Неандерталец был среднего «человеческого» роста – ниже меня почти на голову, – хотя среди своих заметно выделялся. Крупная грудь, широченные плечи. Морда, которую я себя с трудом убедил называть лицом, сплошь испещрённая шрамами. Среди них было два глубоких – в области левого уха и на правой щеке. Тяжёлые надбровные дуги и массивный покатый лоб... эх, знать бы, что за мысли блуждают под ним! Наверняка бродят, ведь ЧЕЛОВЕК же, пусть и «тупикового» рода-племени, расплатившегося исчезновением с лика Вселенной за поражение в эволюционной войне... Его глубоко посаженные тёмные глаза ощупывали меня не менее внимательно.
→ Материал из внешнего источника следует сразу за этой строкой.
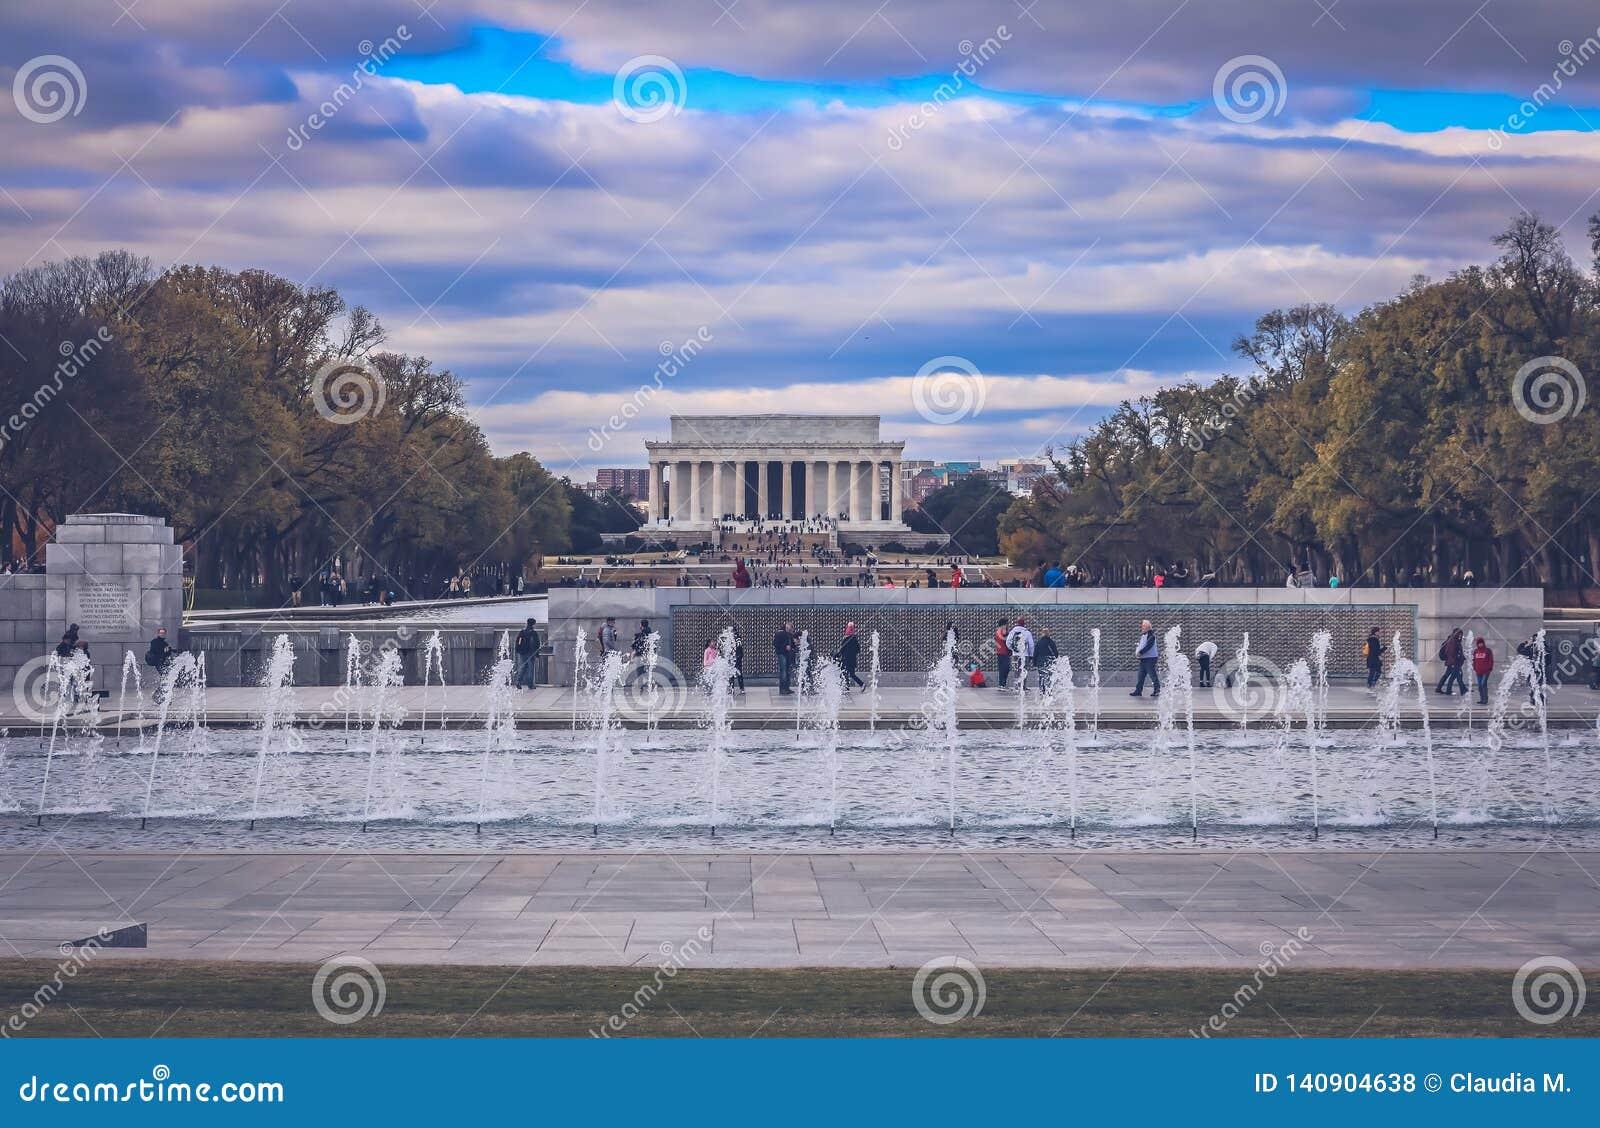 Lincoln memorial monument in Washington

Из всей одежды на вожде по-прежнему была лишь волчья шкура, прикрывающая чресла и окрестности. Так же негусто было и с вооружением – ничего кроме массивного копья с каменным наконечником, на которое неандерталец иногда опирался при ходьбе.
Верхняя губа вождя приподнялась, обнажив мощные передние зубы. Из утробы наружу вырвалось негромкое уверенное рычание. В глазах возникло нечто осмысленное. Толстые губы искривились, зашевелились, как будто что-то пережёвывали, и я опять услышал его неповторимый глухой голос:
– Кром-вождь... – тычок в свою грудь, – приветствует тебя... Алисей... друг.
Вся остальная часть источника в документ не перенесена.